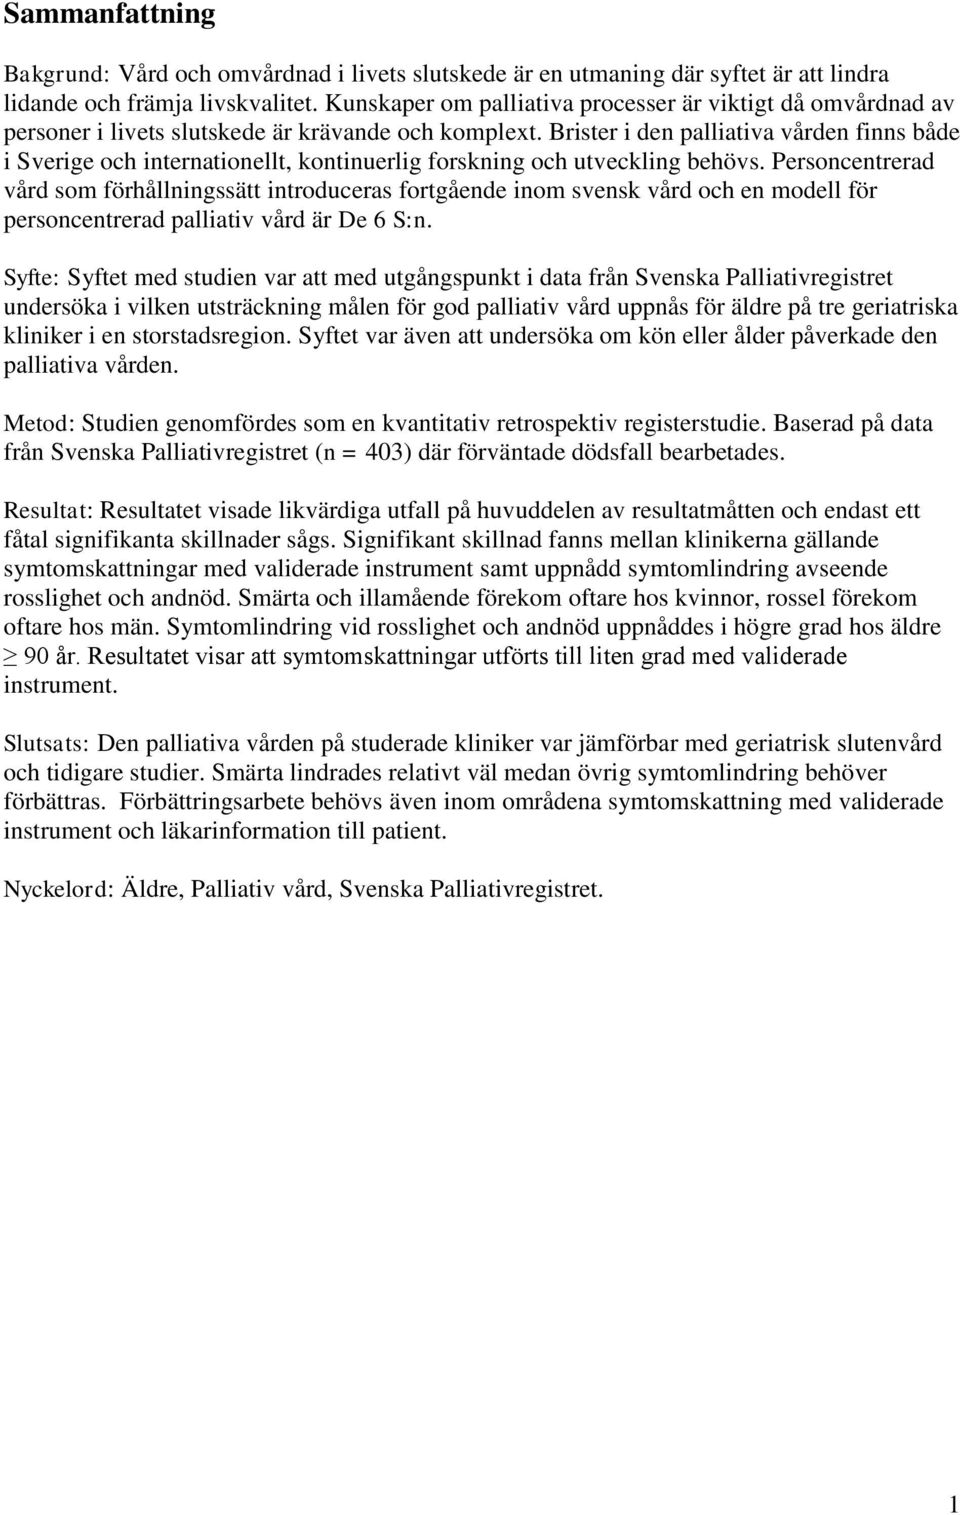 Brister i den palliativa vården finns både i Sverige och internationellt, kontinuerlig forskning och utveckling behövs.
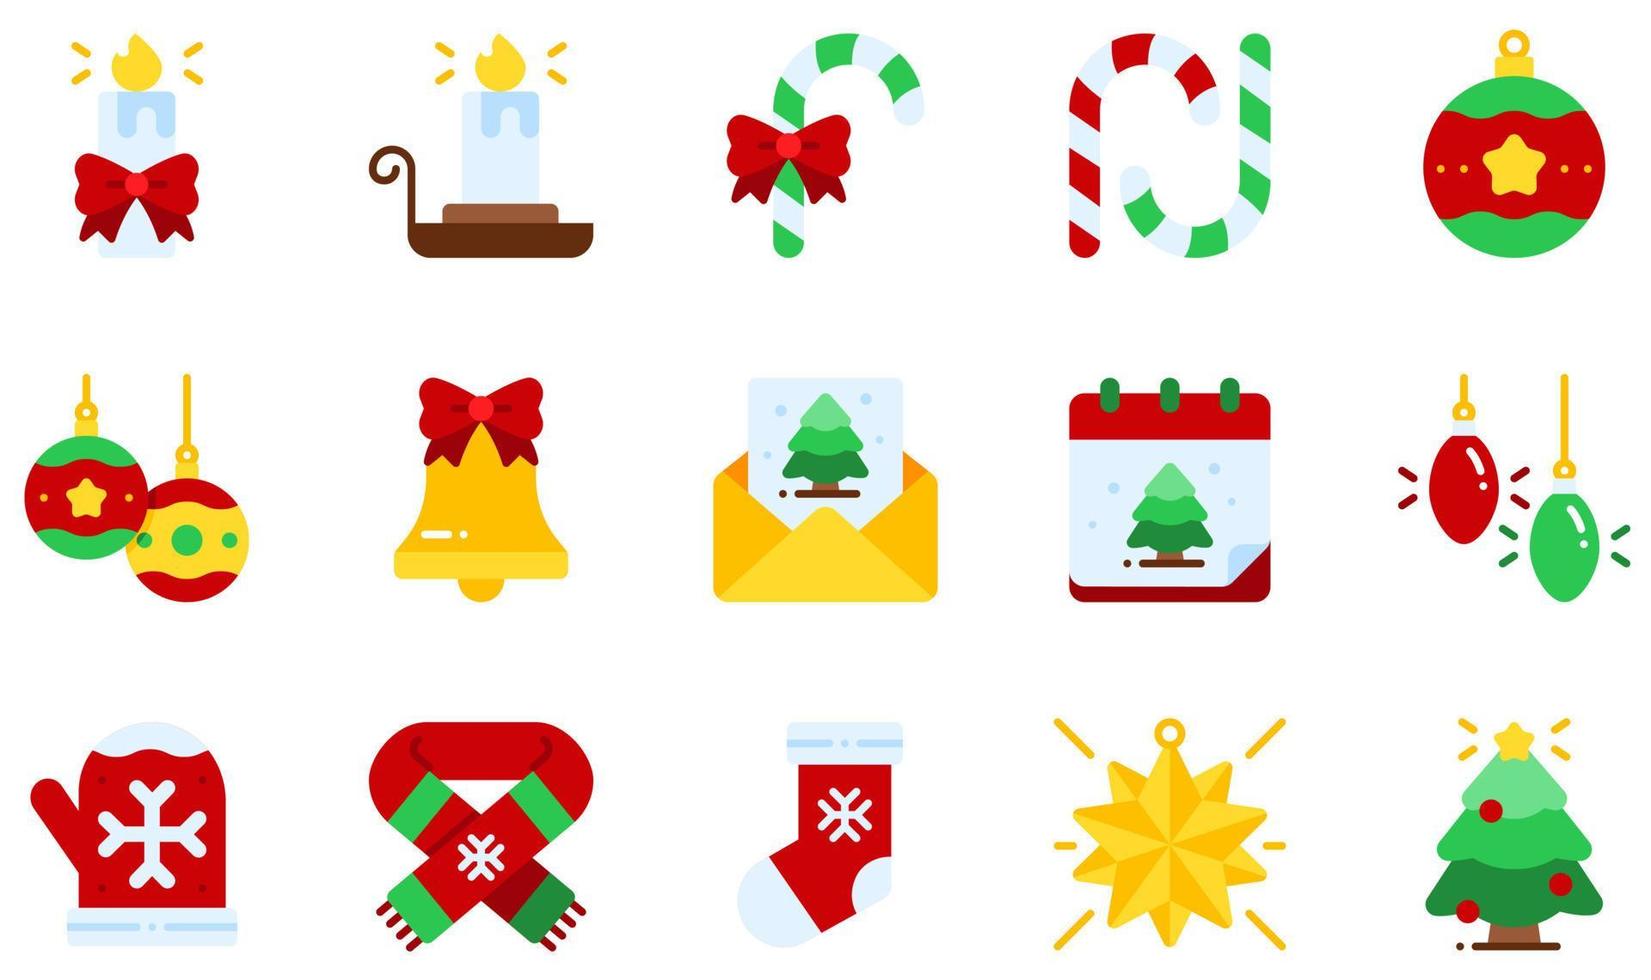 uppsättning vektor ikoner relaterade till juldekoration. innehåller sådana ikoner som ljus, ljusställ, godisrör, julklocka, julkort, julscarf och mer.
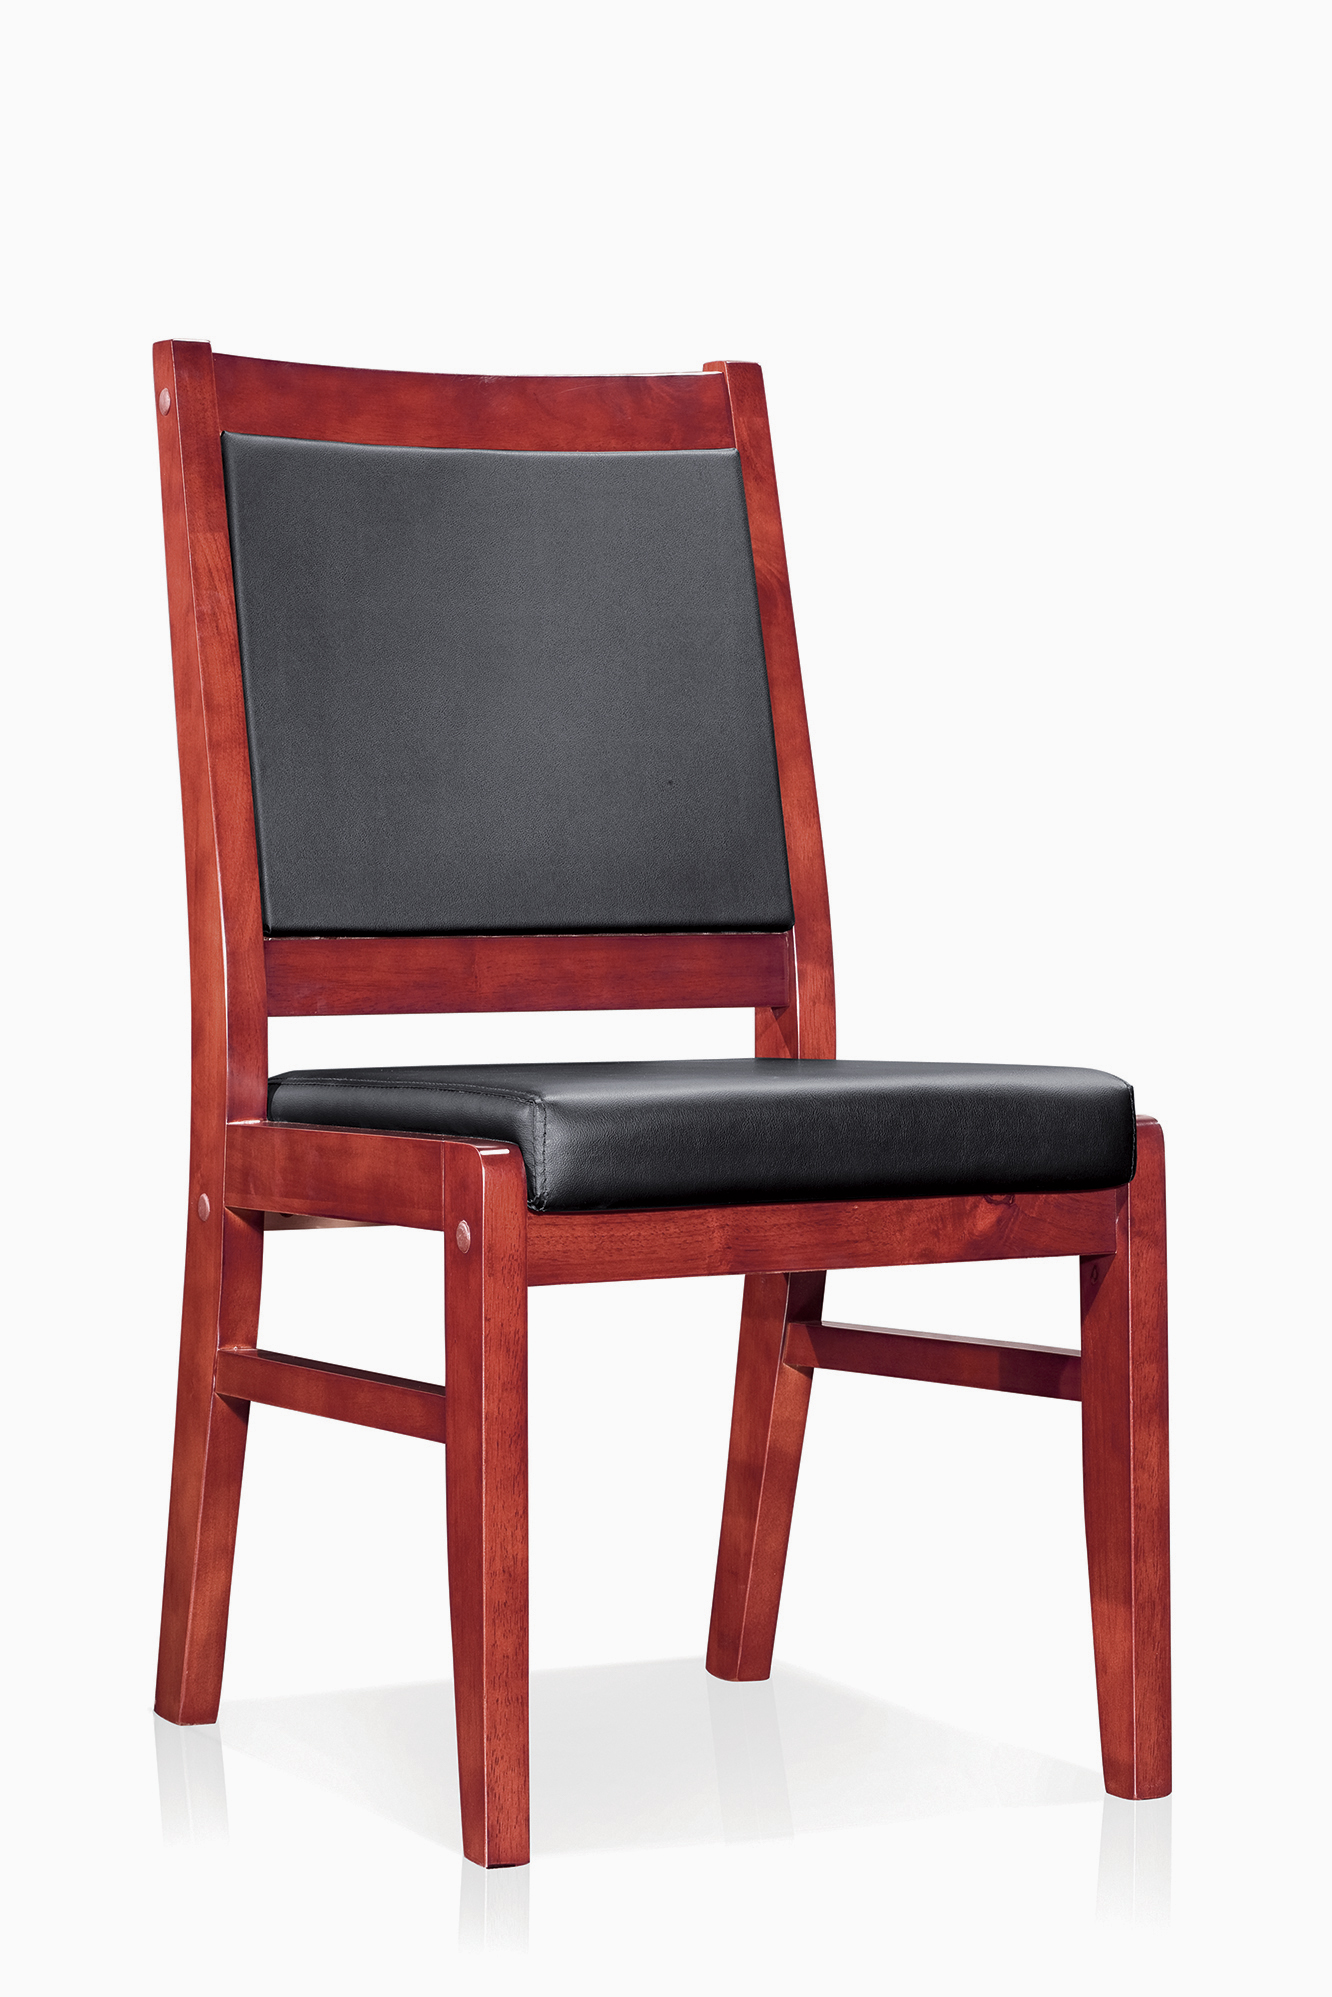 创意木质Lorica椅子设计_生活|风雅颂-优秀工业设计作品-优概念

• REQUIRED WORK: Leave out the images and copy all remaining data word for word.

• RESPONSE TO THE EXERCISE:
 Brister i den palliativa vården finns både i Sverige och internationellt, kontinuerlig forskning och utveckling behövs.
 uppsättning vektor ikoner relaterade till juldekoration. innehåller sådana ikoner som ljus, ljusställ, godisrör, julklocka, julkort, julscarf och mer.
 创意木质Lorica椅子设计_生活|风雅颂-优秀工业设计作品-优概念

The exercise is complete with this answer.